■ **WHAT TO WORK ON**:
Transcribe the listing that follows in full, exactly, and drop its images.

■ **SUPPLIED INFORMATION**:
^^^^^^^^

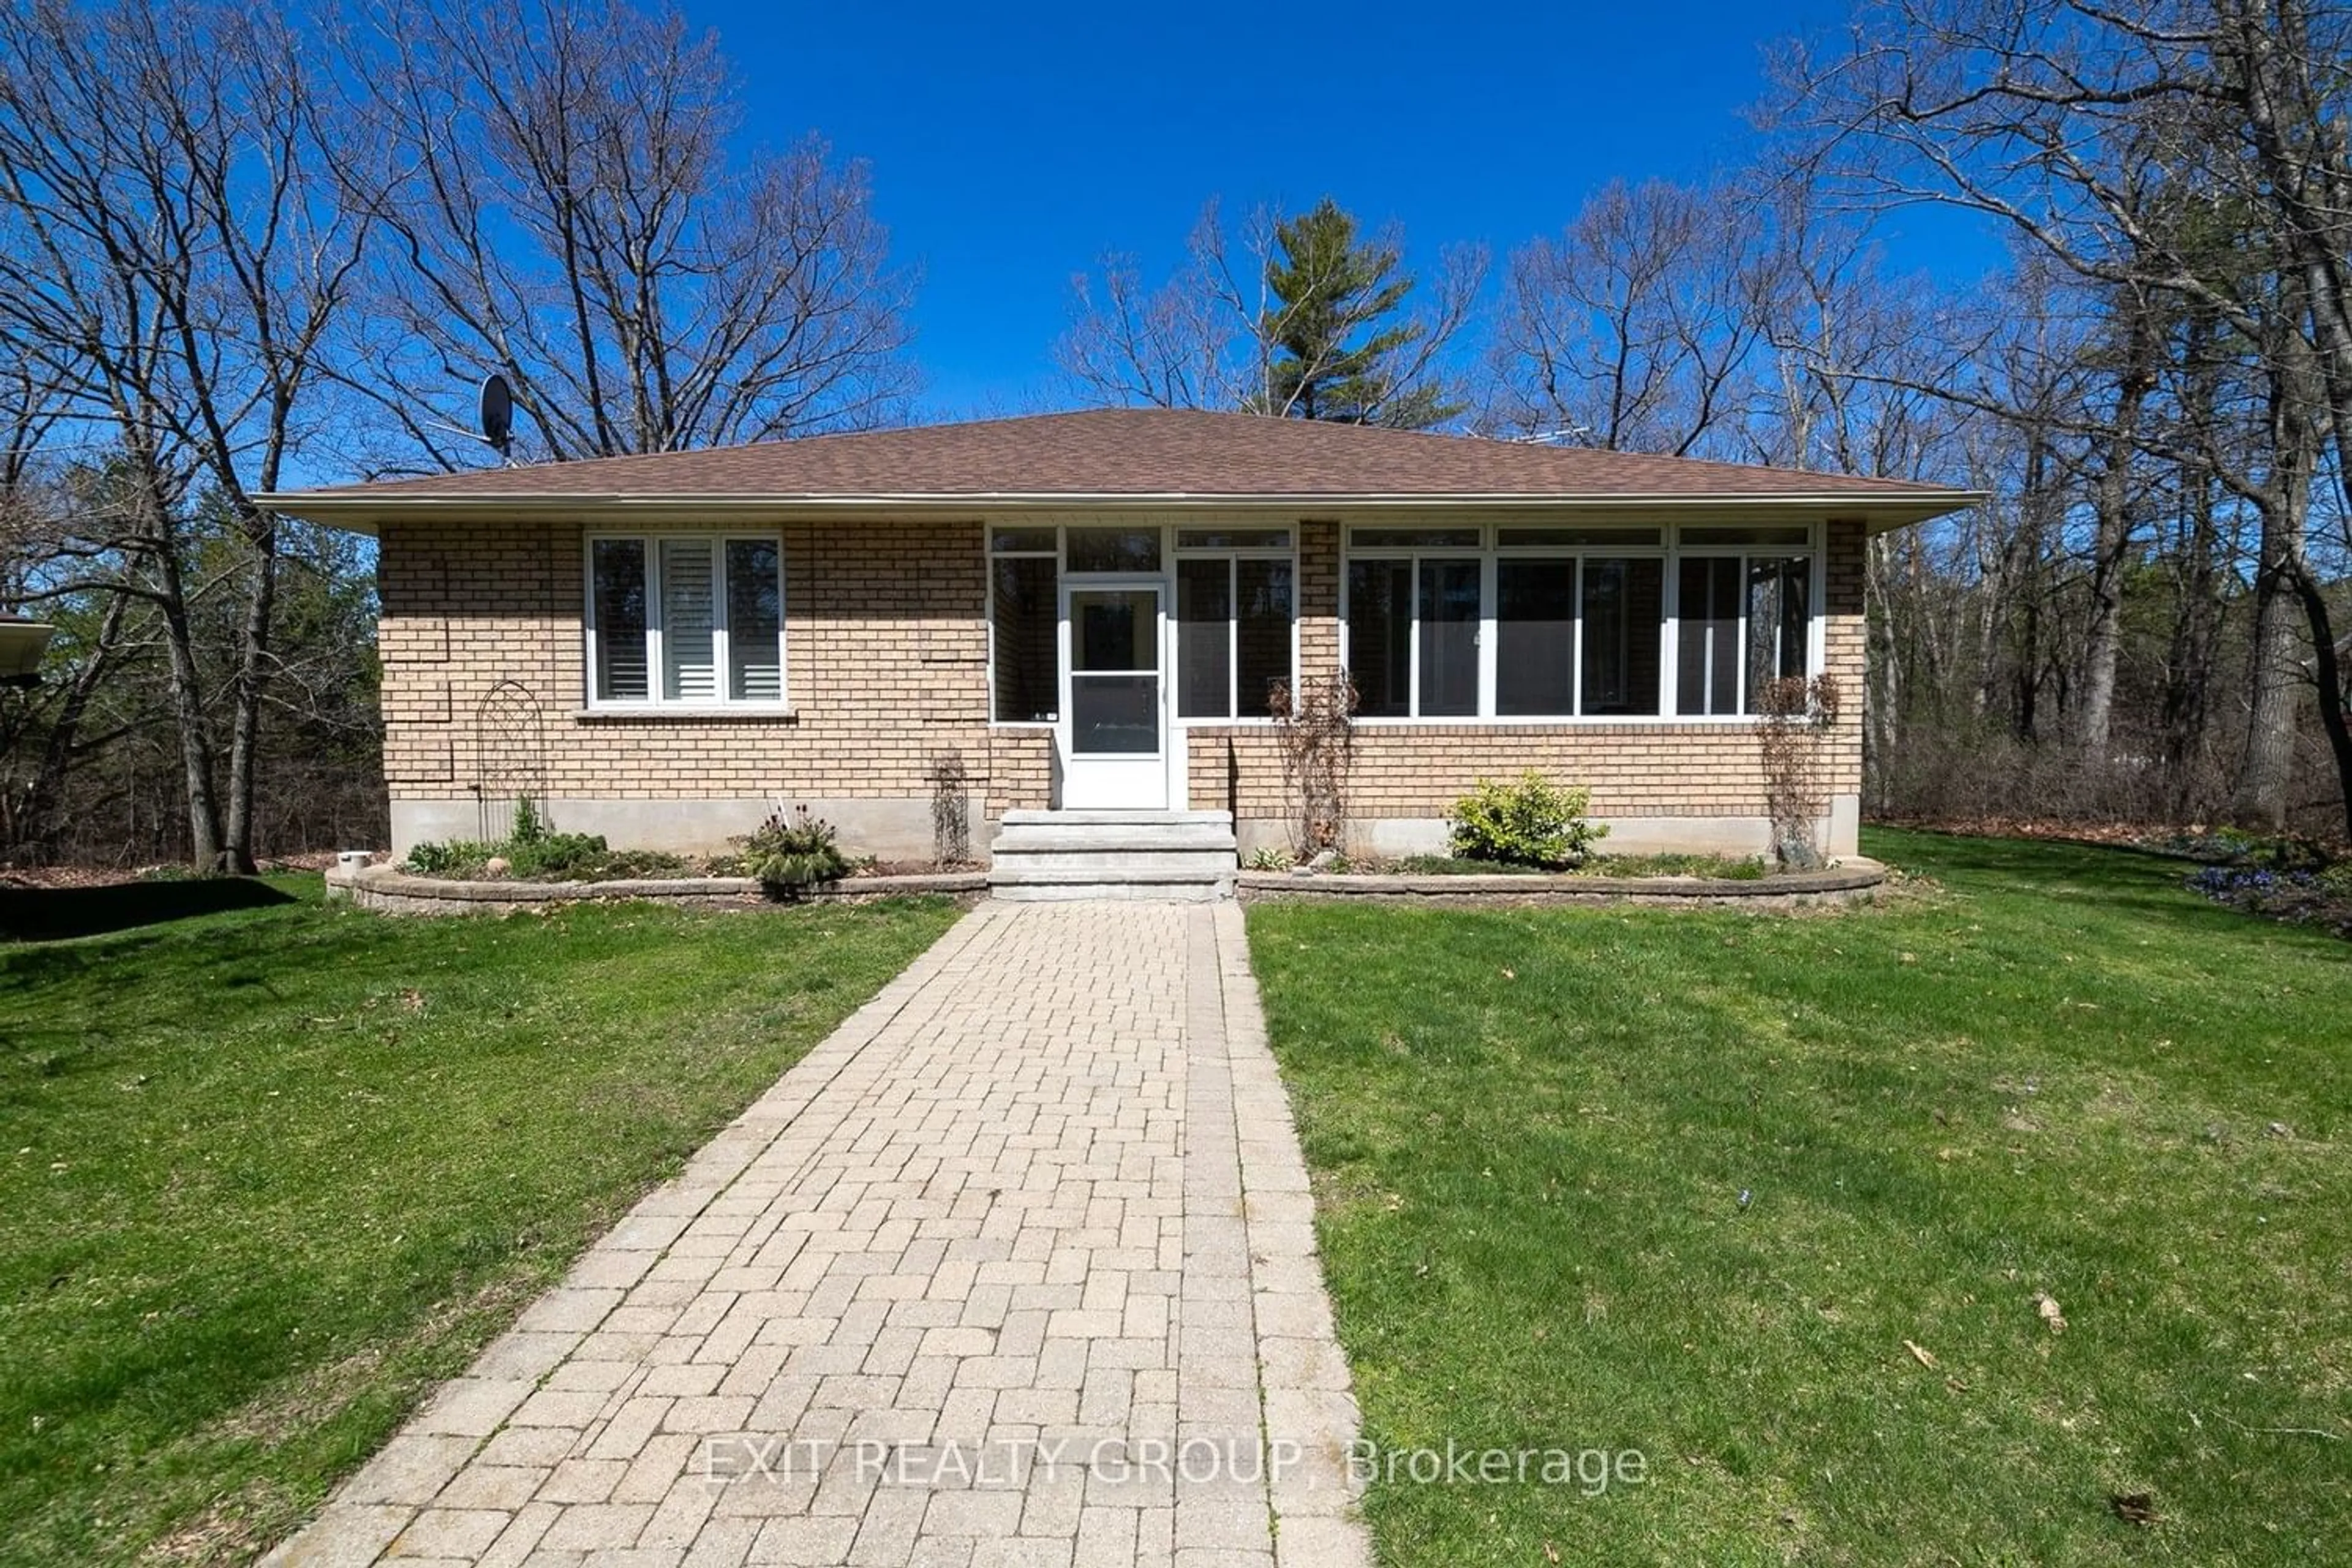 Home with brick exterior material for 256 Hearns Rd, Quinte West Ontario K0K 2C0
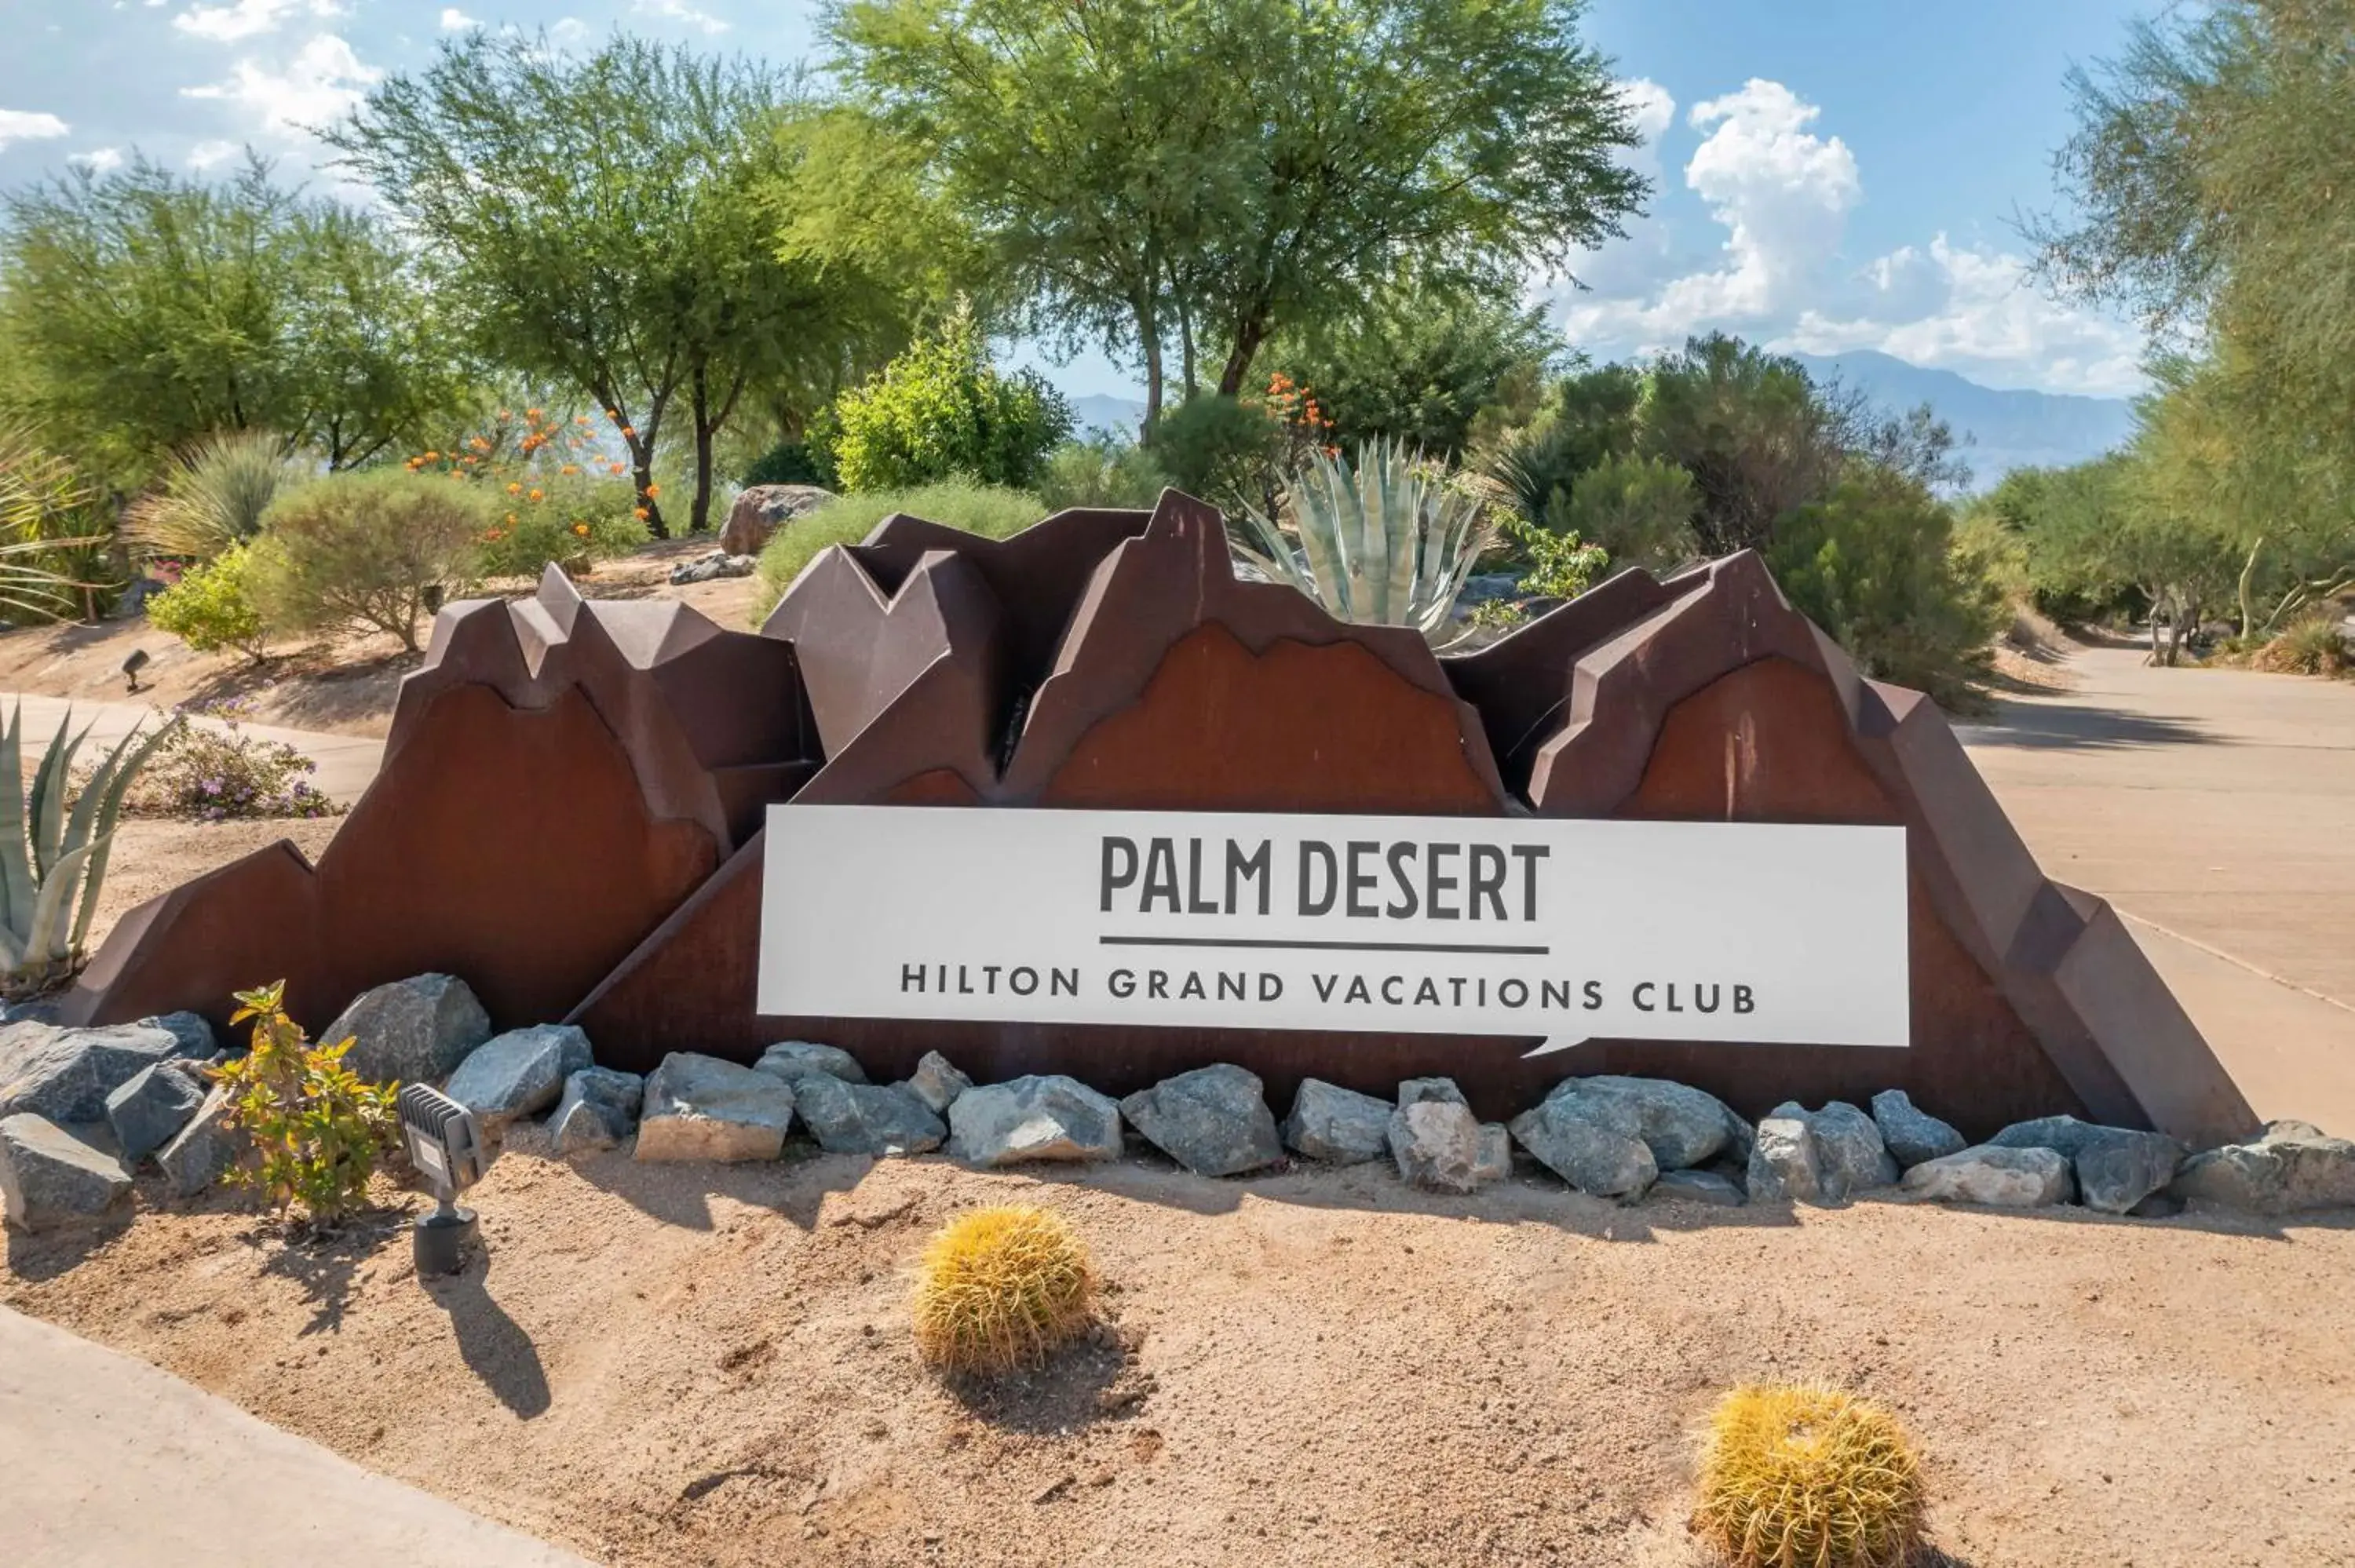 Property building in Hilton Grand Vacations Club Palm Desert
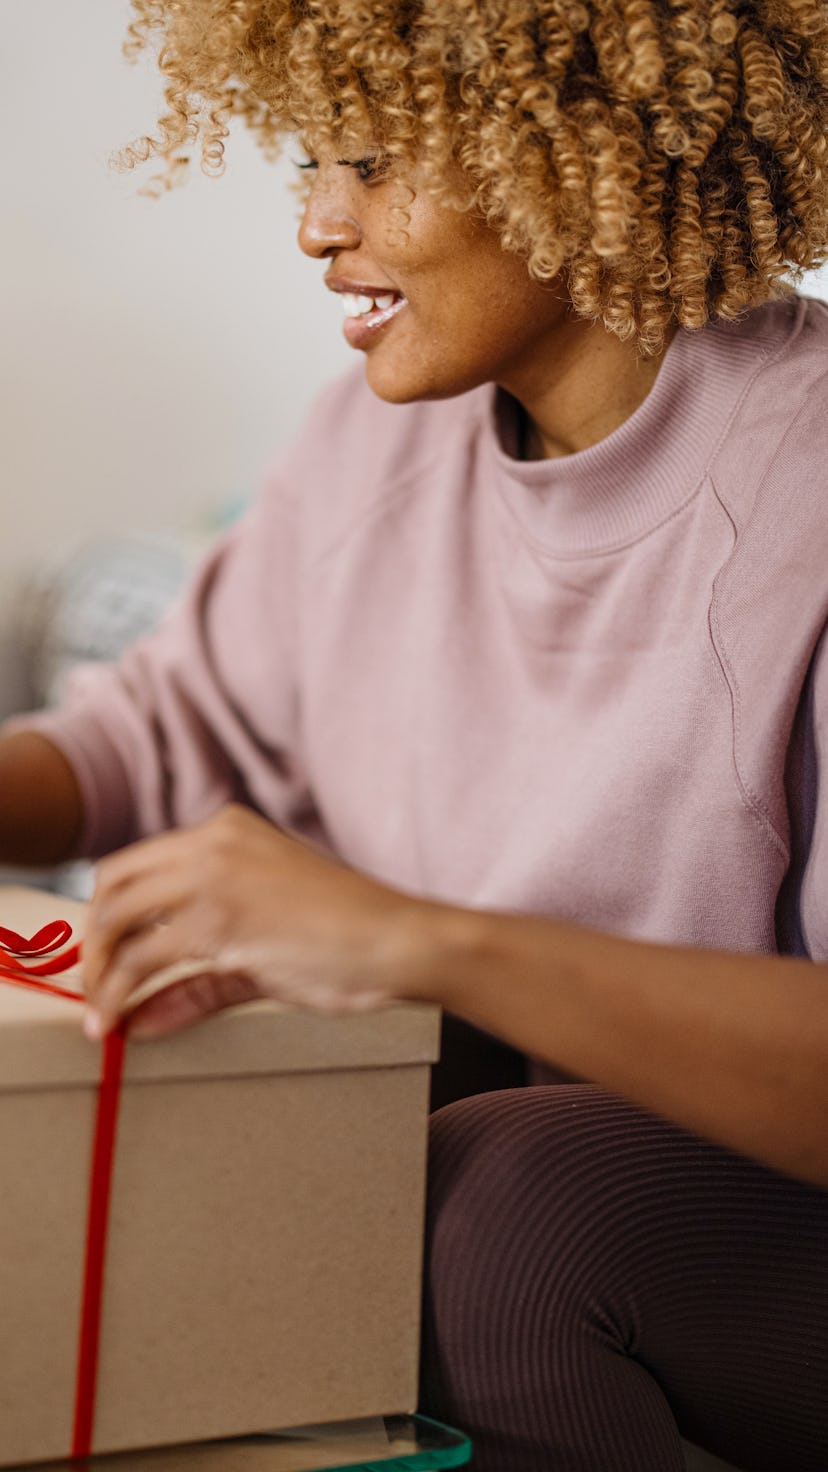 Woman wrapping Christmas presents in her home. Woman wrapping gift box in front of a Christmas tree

^^^^^^^^

■ **SOLVED PROBLEM**:
 Home with brick exterior material for 256 Hearns Rd, Quinte West Ontario K0K 2C0
 Property building in Hilton Grand Vacations Club Palm Desert
 Woman wrapping Christmas presents in her home. Woman wrapping gift box in front of a Christmas tree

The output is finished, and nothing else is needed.